Monitoring `pg_stat_activity` for Long-Running Queries and Idle Connections

The `pg_stat_activity` view shows one row per server process, detailing its current state. We’re particularly interested in identifying queries that have been running for an unusually long time and connections that are idle but holding resources (e.g., locks).

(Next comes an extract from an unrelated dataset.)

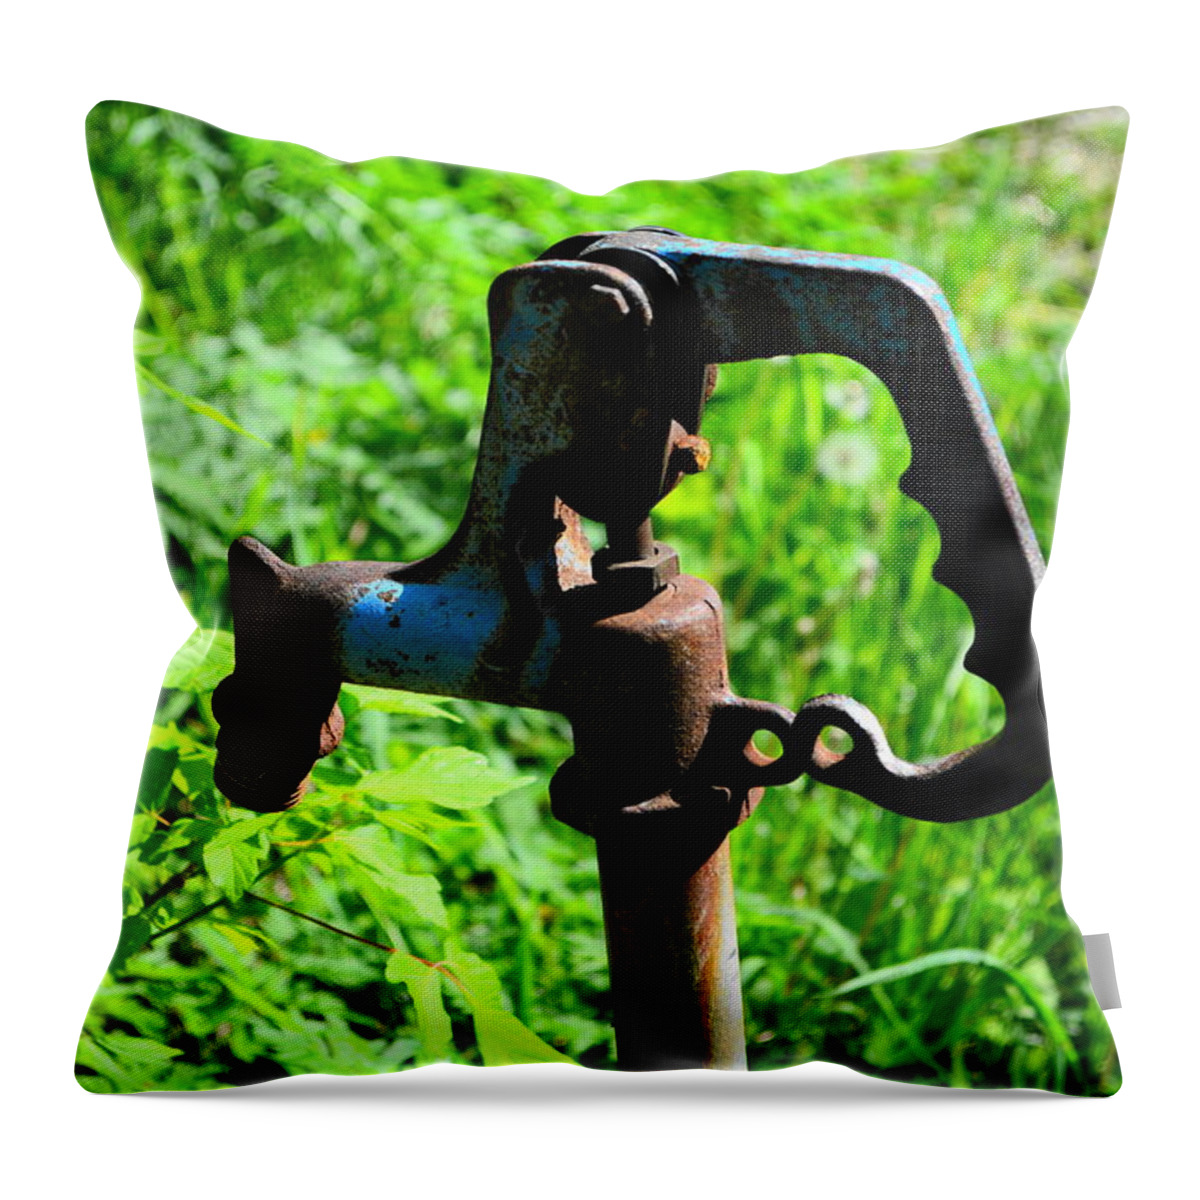 Water Pump Throw Pillow featuring the photograph The Old Rusty Water Pump by Stacie Siemsen
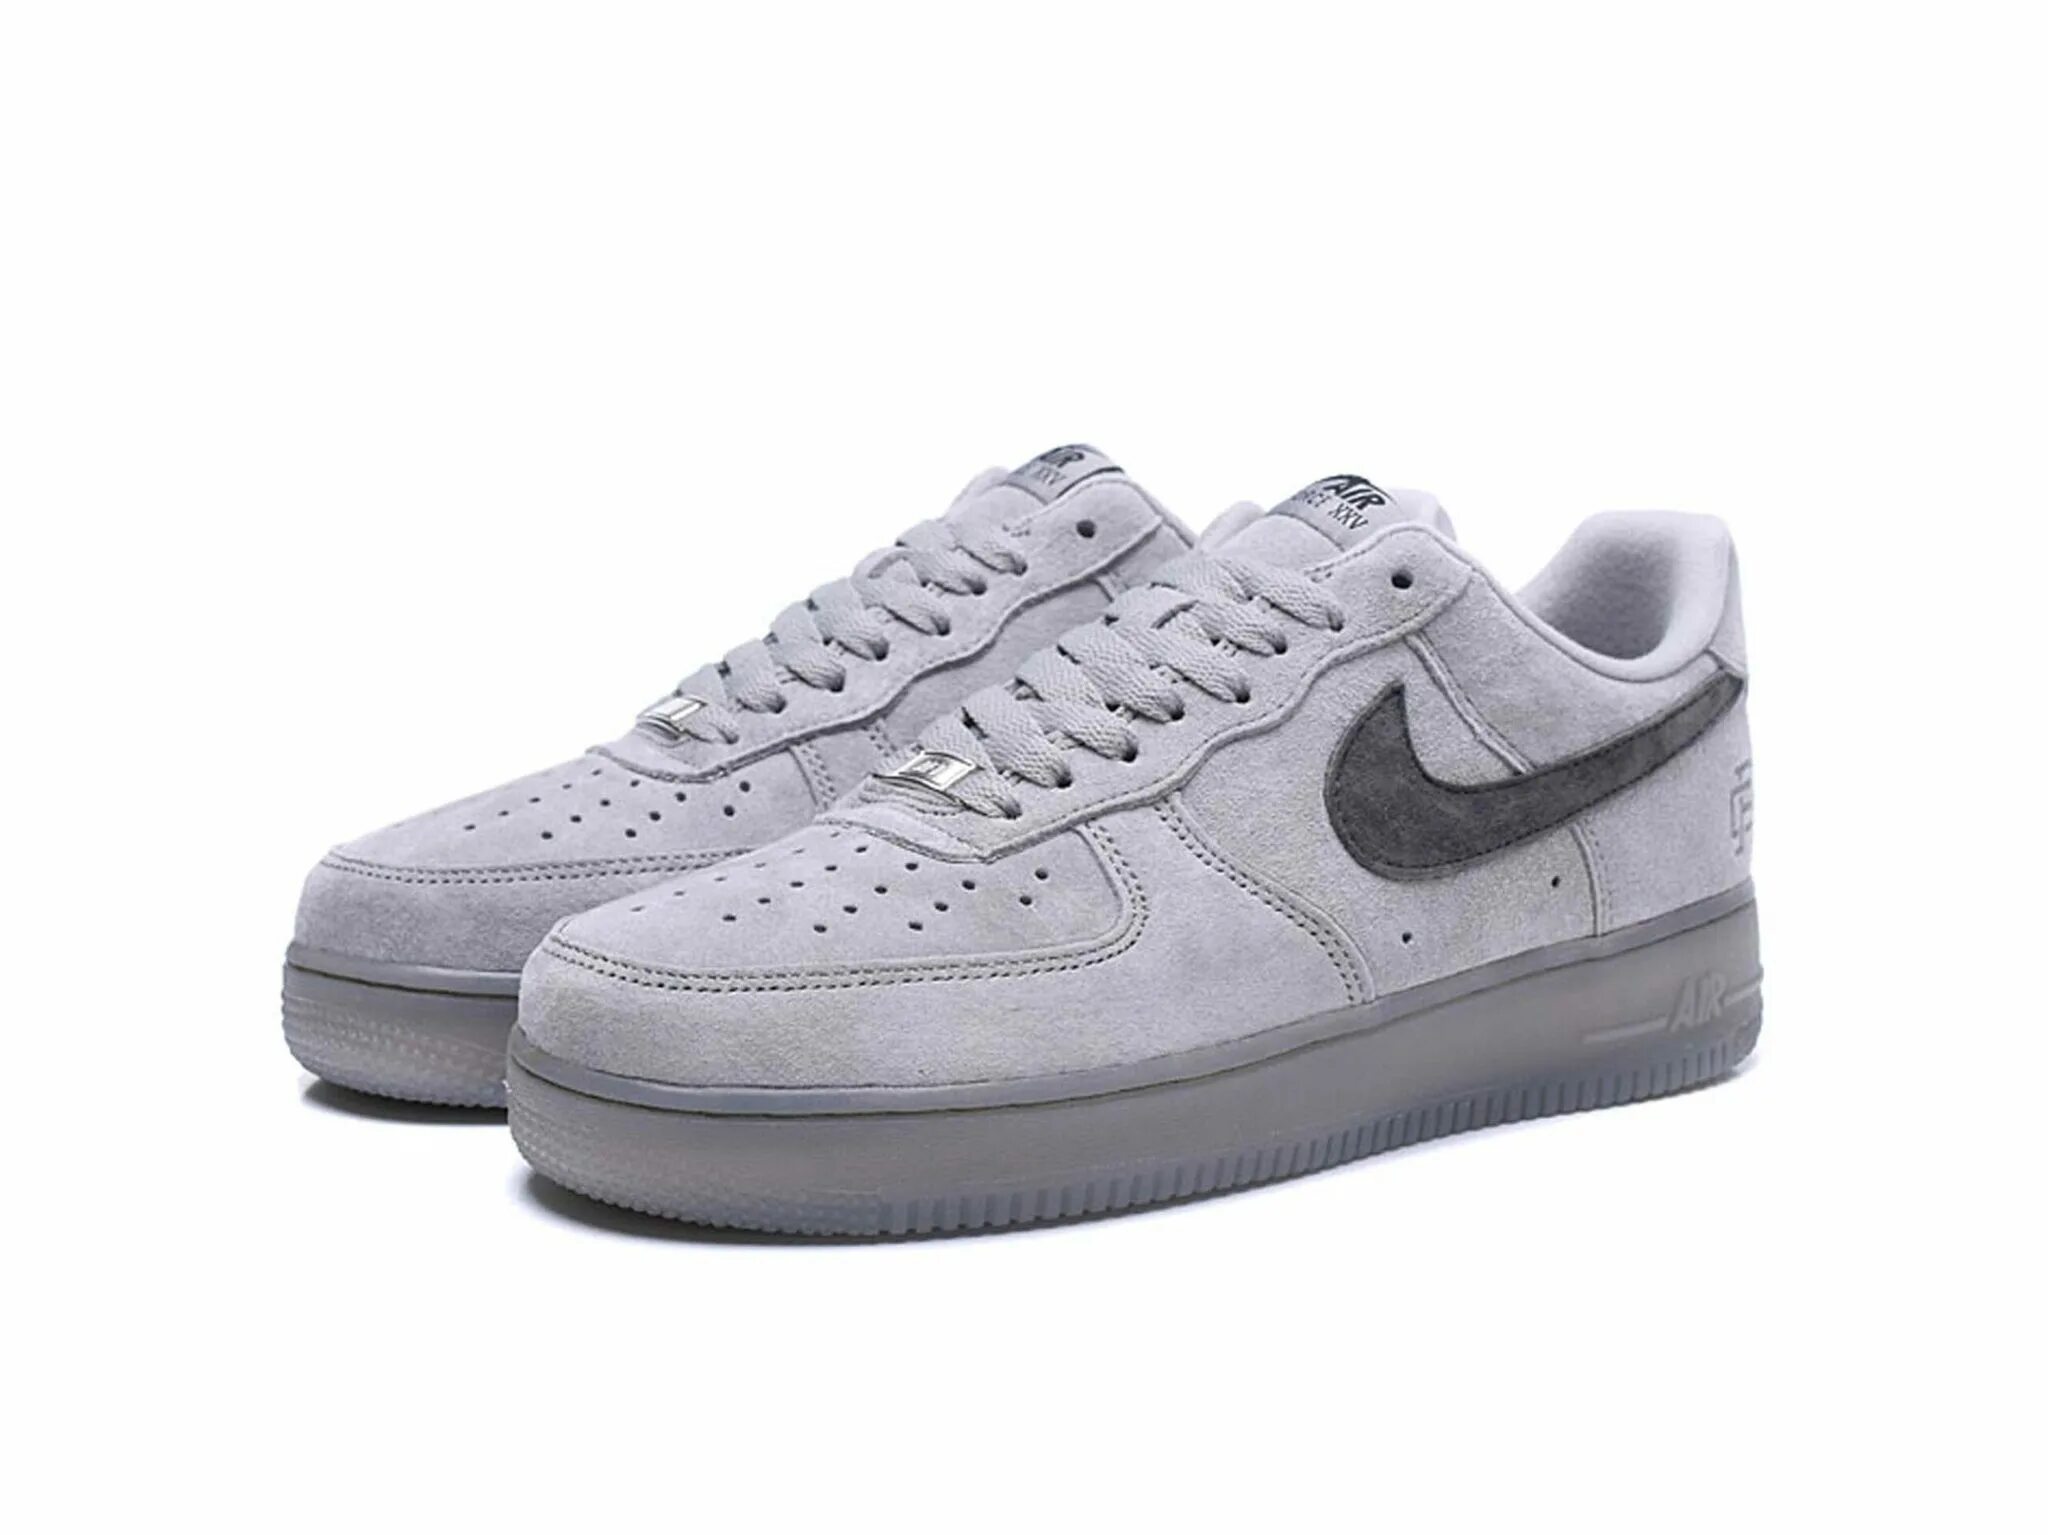 Nike Air Force 1 Low Grey x reigning Champ. Nike Air Force 1 Low Grey. Nike Air Force 1 Low reigning Champ. Nike Air Force 1 Low reigning Champ Grey.

Here’s a robust query to identify such activities. We’ll set thresholds for “long-running” (e.g., > 5 minutes) and “idle in transaction” states. These thresholds should be tuned based on your application’s typical workload and transaction patterns.

SELECT
    pid,
    datname,
    usename,
    client_addr,
    backend_start,
    query_start,
    state_change,
    wait_event_type,
    wait_event,
    state,
    query
FROM
    pg_stat_activity
WHERE
    state = 'active' AND
    now() - query_start > interval '5 minutes' -- Adjust threshold as needed
ORDER BY
    query_start ASC;

SELECT
    pid,
    datname,
    usename,
    client_addr,
    backend_start,
    state_change,
    wait_event_type,
    wait_event,
    state,
    query
FROM
    pg_stat_activity
WHERE
    state = 'idle in transaction' AND
    now() - state_change > interval '1 minute' -- Adjust threshold as needed
ORDER BY
    state_change ASC;

To automate this, we can create a simple script. This script will connect to each PostgreSQL instance in our cluster (assuming a primary/replica setup or a sharded environment) and execute these checks. Alerts can be triggered if any results are returned.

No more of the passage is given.